Ninguém é igual a ninguém, mas Francisco dá toques de originalidade. Nota-se uma lufada de ar fresco nos documentos pontifícios, nas visitas, nas assembleias sinodais sobre a família, a Amazónia e os jovens, na ousada reforma da Cúria, nas entrevistas e escritos, nas linhas de combate aos abusos, na opção clara pelos migrantes, refugiados, perseguidos e outros descartados, na sua visão sobre economia, política e sociedade, na valorização do ecumenismo e diálogo inter-religioso, na simplicidade e alegria do seu ser e atuar. São dez anos de uma respiração eclesial diferente, com uma aposta clara na sinodalidade e no combate a tudo quanto desfigura o rosto da Igreja. Dá uma colaboração gigante na construção de uma Igreja credível, encurtando distâncias. Está a provar que a Igreja faz falta, tentando acreditá-la dentro e fora de portas.
Viagens cirúrgicas
Paulo VI ousou sair de Itália, João Paulo II universalizou estas viagens apostólicas, Bento XVI deu continuidade e o Papa Francisco já lá vai com 40 saídas ao encontro das periferias e das margens da história, tendo visitado o Bahrein, Cazaquistão, Tailândia, Iraque, Japão, Marrocos, Emiratos Árabes Unidos, Myanmar, Bangladesh, Egipto, Geórgia, Azerbaijão, Sri Lanka, Terra Santa e Turquia. Só mesmo a aposta no diálogo entre povos, culturas e religiões pode justificar tais visitas que mostram que, para Francisco, o mundo é um espaço sem fronteiras e a fraternidade é uma palavra-chave.
A força dos documentos pontifícios
Francisco tem ajudado o mundo e a Igreja a olhar para a alegria do evangelho, do amor, da ecologia, das bem-aventuranças… Há uma convicção profunda de que sem justiça não há felicidade. A exortação apostólica ‘A Alegria do Evangelho’ foi recebida como algo de muito original, se atendermos ao facto de ser um documento programático. É nova nos conteúdos, nas focagens e no estilo.
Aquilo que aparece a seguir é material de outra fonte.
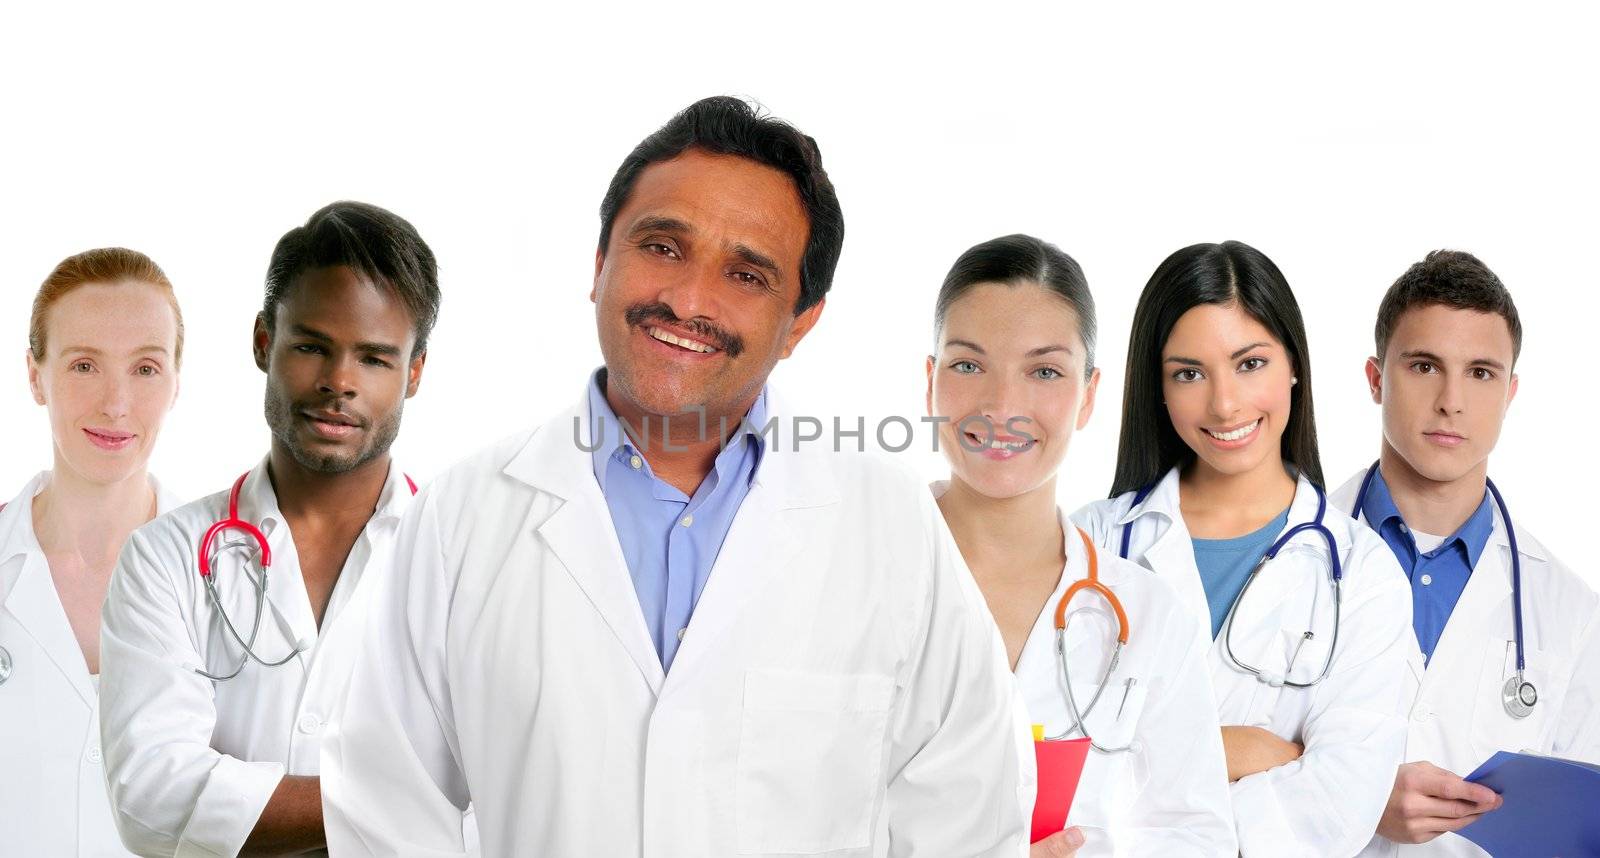 Indian latin expertise doctor multi ethnic doctors by lunamarina

Ecologia integral e fraternidade universal
Na encíclica ‘Laudato Si’ é apresentado o conceito de ‘ecologia integral’, pois há que amar os pobres e respeitar a natureza, a nossa casa comum. O filme ‘A carta’, recentemente realizado, mostra os efeitos dramáticos das alterações climáticas na vida dos mais pobres e faz um apelo a uma conversão ecológica global, combatendo a poluição, ajudando os mais frágeis e escolhendo um estilo de vida simples e fraterno. Já a encíclica ‘Fratelli Tutti’ resulta da convicção profunda do Papa sobre a importância decisiva da fraternidade humana, depois de ter assinado o documento de Abu Dhabi.
O futuro no planeta jovem
Vindo de um continente jovem, mas onde os mais novos têm o futuro comprometido, é normal a sua opção pelas novas gerações. Na Jornada Mundial da Juventude (JMJ) em Cracóvia, o Papa pediu aos jovens que abandonassem o comodismo fácil do sofá. Disse: “Este tempo aceita apenas jogadores titulares em campo, não há lugar para suplentes. O mundo de hoje pede-vos para serdes protagonistas da história, porque a vida é bela desde que a queiramos viver, desde que queiramos deixar uma marca”. Em Lisboa, a JMJ pretende ser a mais ecológica de sempre e, para tal, existe o simbólico gabinete ‘Diálogo/Proximidade’, com o objetivo de assegurar que a JMJ aplica os valores gravados na ‘Laudato Si’ e na ‘Fratelli Tutti’.
Gestos que apontam para o futuro
Lavar os pés a reclusas, viver em Santa Marta, deslocar-se num carro simples, rezar sozinho à chuva pelo fim da pandemia, fazer a primeira viagem a Lampedusa para chorar aqueles por quem ninguém chora, beijar os pés dos líderes desavindos do Sudão do Sul, deixar-se entrevistar, aprofundar os encontros de Assis, gritar que a guerra é sempre uma derrota para a humanidade, apostar numa educação e numa economia que não matem e chorar na oração pelas vítimas na Ucrânia, são um conjunto de atitudes que fazem de Francisco um homem sem medo de expor o peito às balas. O futuro da Igreja e da humanidade está na sinodalidade, neste caminhar juntos, em atitude de escuta e diálogo aberto, empurrados e inspirados pelo Espírito Santo que sopra quando, como e onde quer. Por isso, todos os tempos, lugares e pessoas são decisivos para a construção do mundo e da Igreja do amanhã.